▶ [Problem details] Leave the pictures out. Return all other data exactly.

▶ [Dataset content]
═══
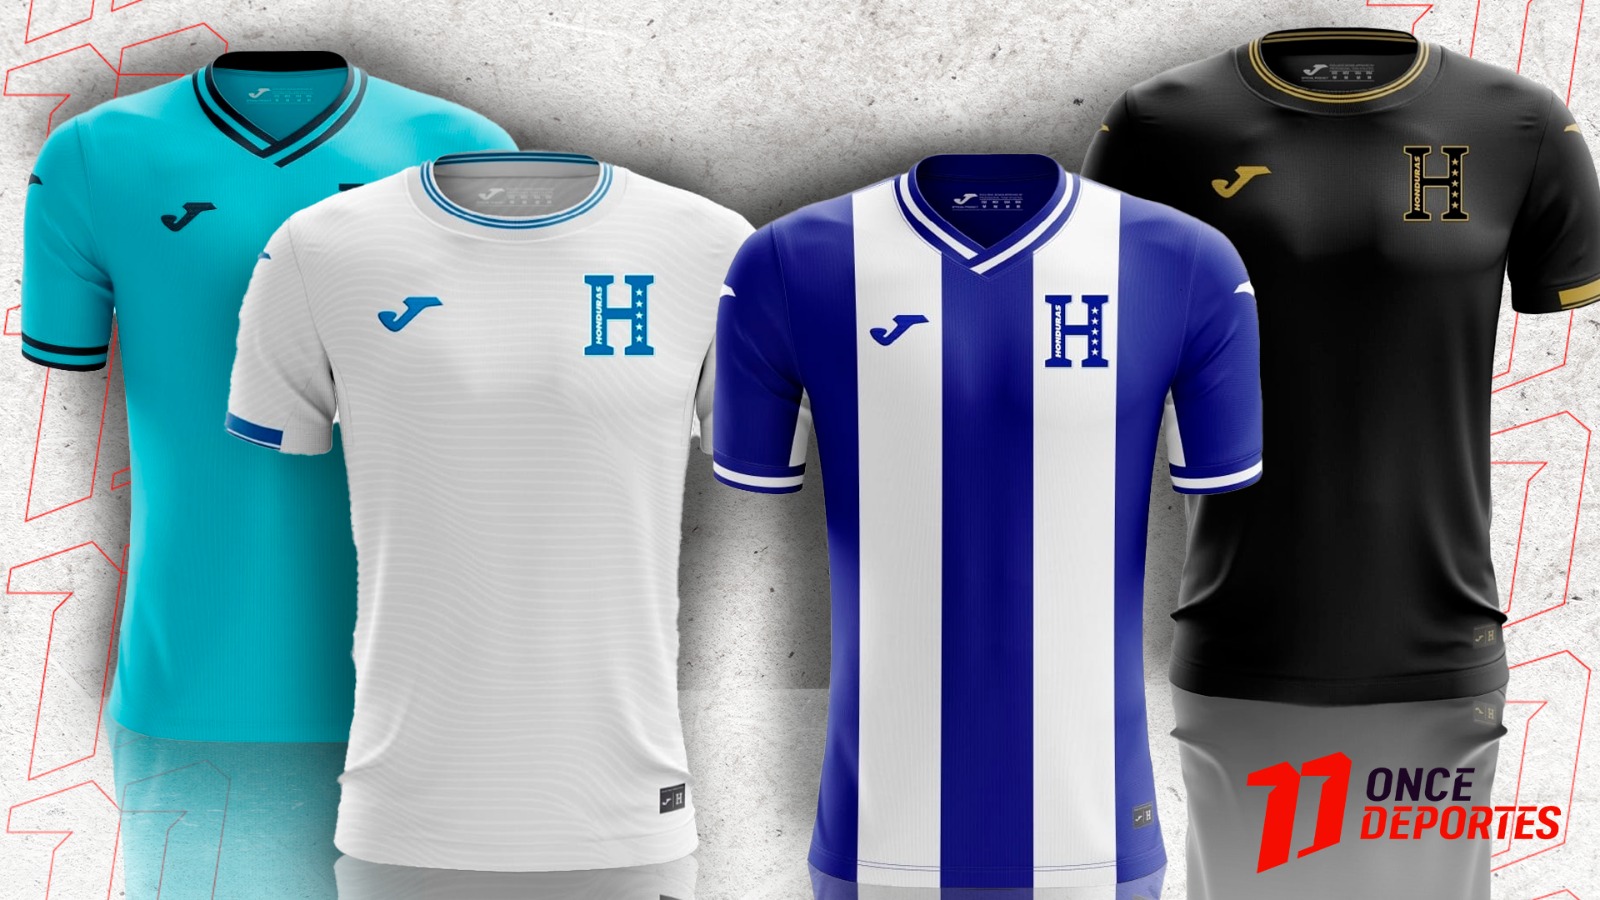 El día de hoy martes 23 de abril la Federación de Fútbol de Honduras (FFH) anunciaron la nuevas camisetas de la Selección de Honduras
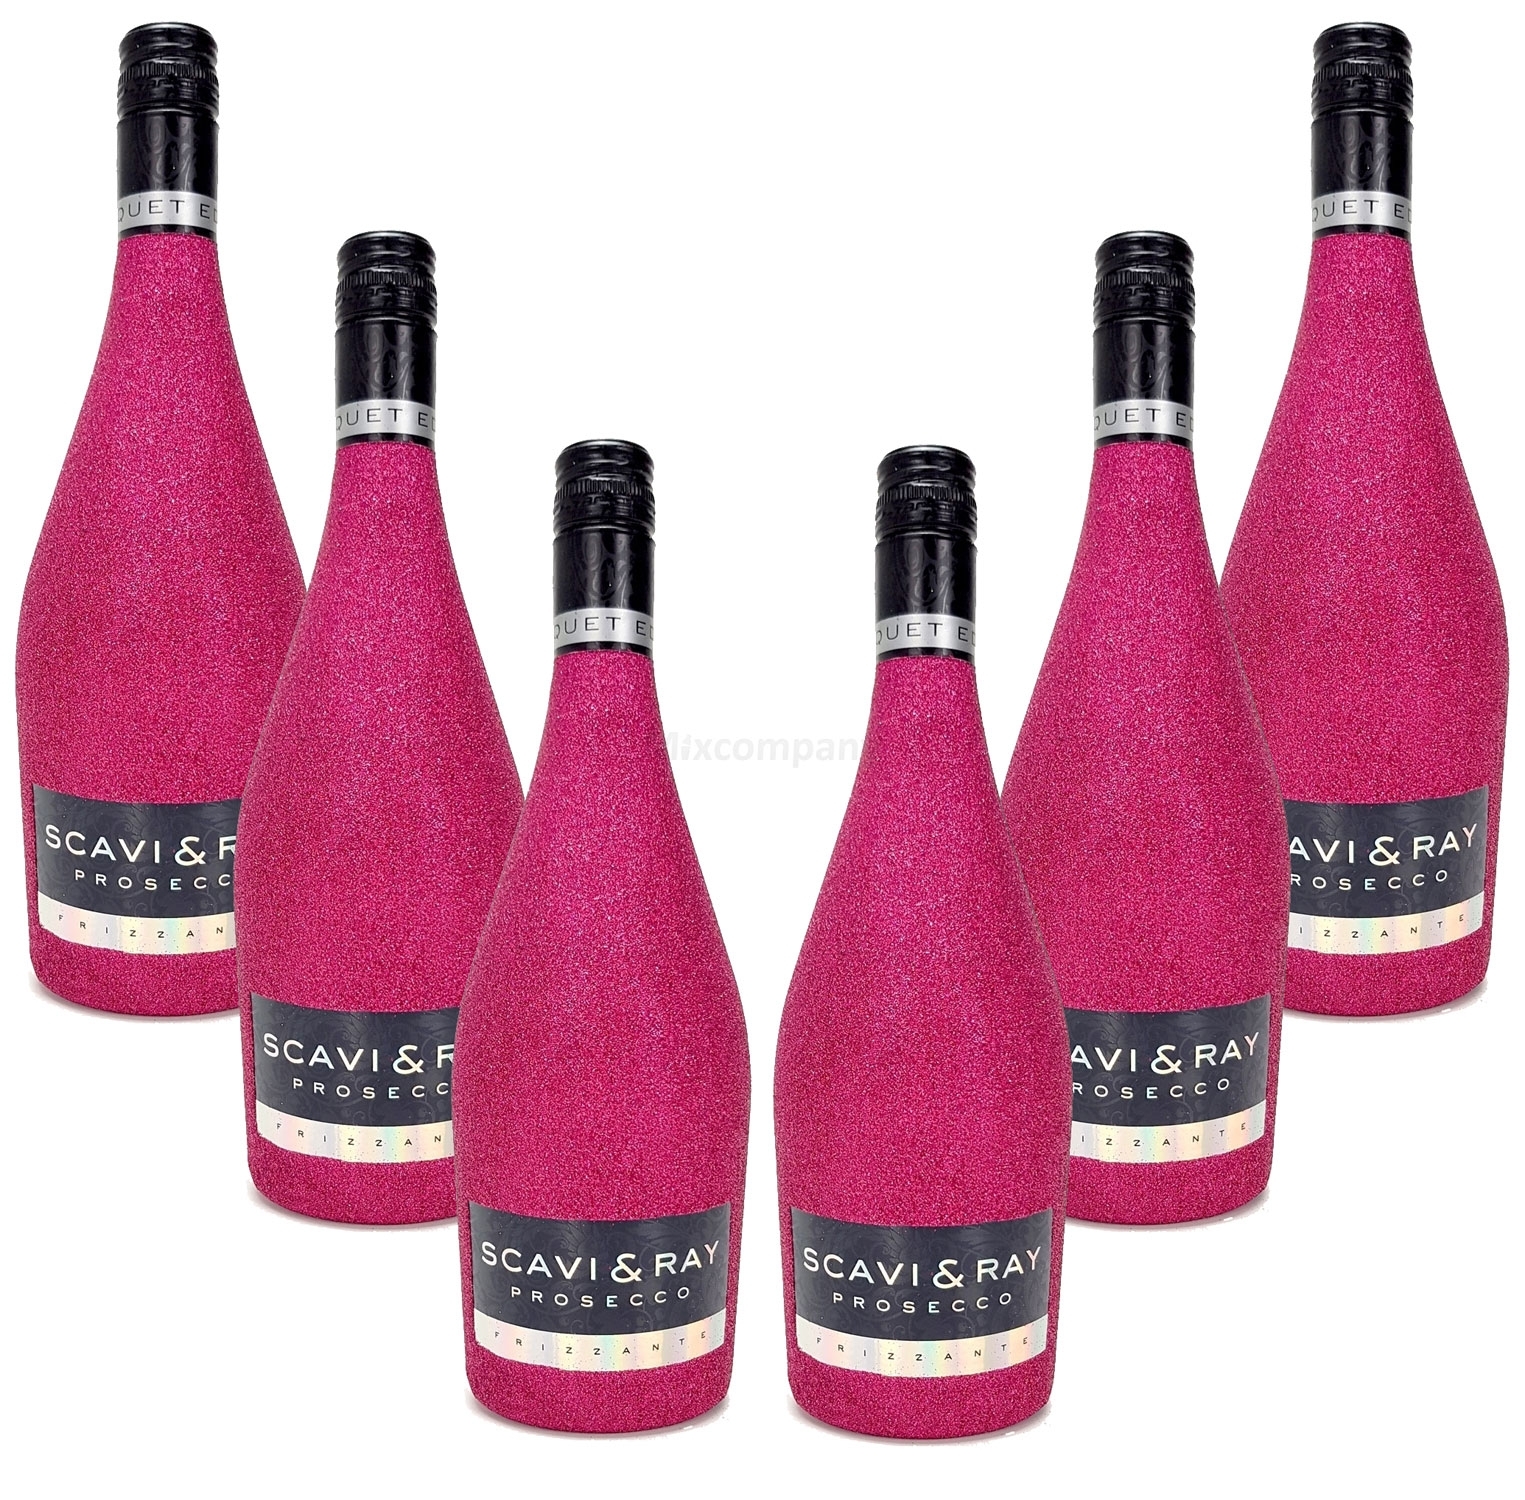 Scavi & Ray Prosecco Frizzante 0,75l (10,5% Vol) - Bling Bling Glitzer Glitzerflasche Flaschenveredelung für besondere Anlässe - Hot Pink Aktion - 6 Stück (6x 0,75l = 4,5l) -[Enthält Sulfite]
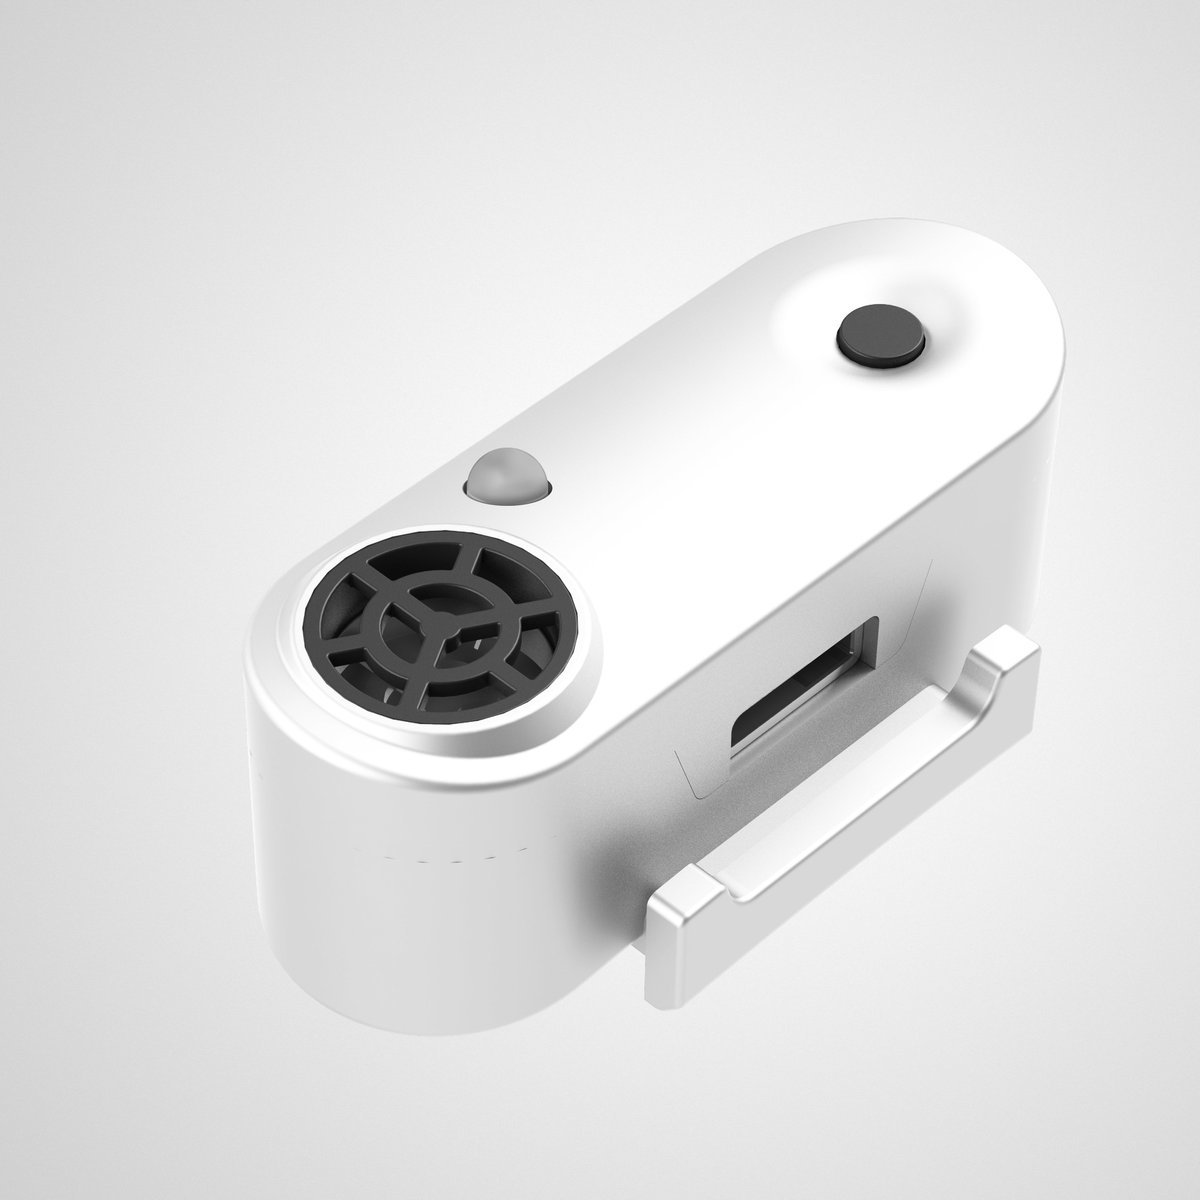 Tickless Mini Cat USB dispozitiv repelent cu ultrasunete pentru purici și căpușe pentru pisici - zoom
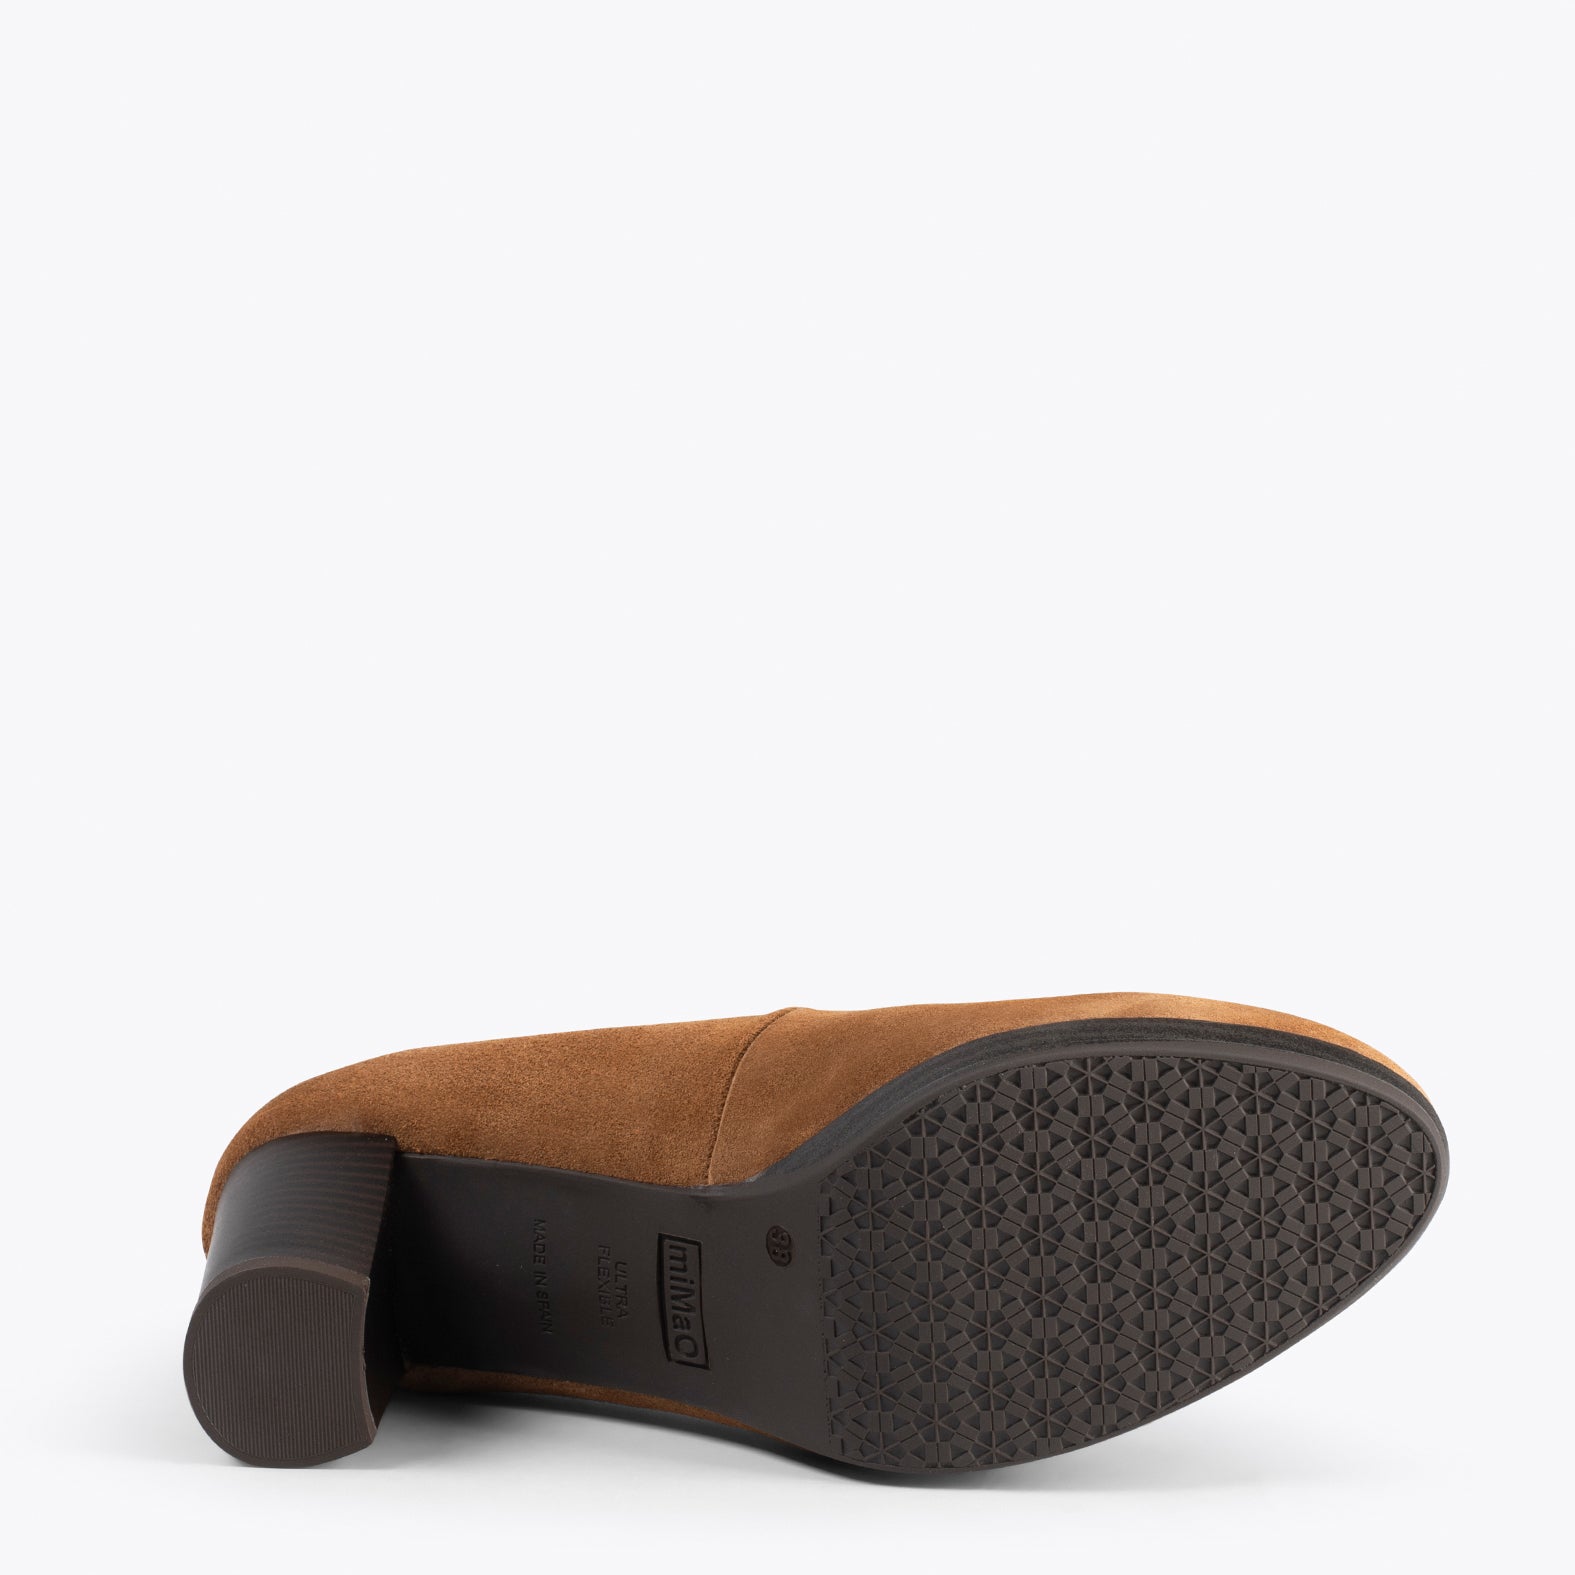 AZAFATA VINTAGE - Zapatos con tacón y plataforma CAMEL
═══
▶ [Task solution]
 El día de hoy martes 23 de abril la Federación de Fútbol de Honduras (FFH) anunciaron la nuevas camisetas de la Selección de Honduras
 Scavi & Ray Prosecco Frizzante 0,75l (10,5% Vol) - Bling Bling Glitzer Glitzerflasche Flaschenveredelung für besondere Anlässe - Hot Pink Aktion - 6 Stück (6x 0,75l = 4,5l) -[Enthält Sulfite]
 Tickless Mini Cat USB dispozitiv repelent cu ultrasunete pentru purici și căpușe pentru pisici - zoom
 AZAFATA VINTAGE - Zapatos con tacón y plataforma CAMEL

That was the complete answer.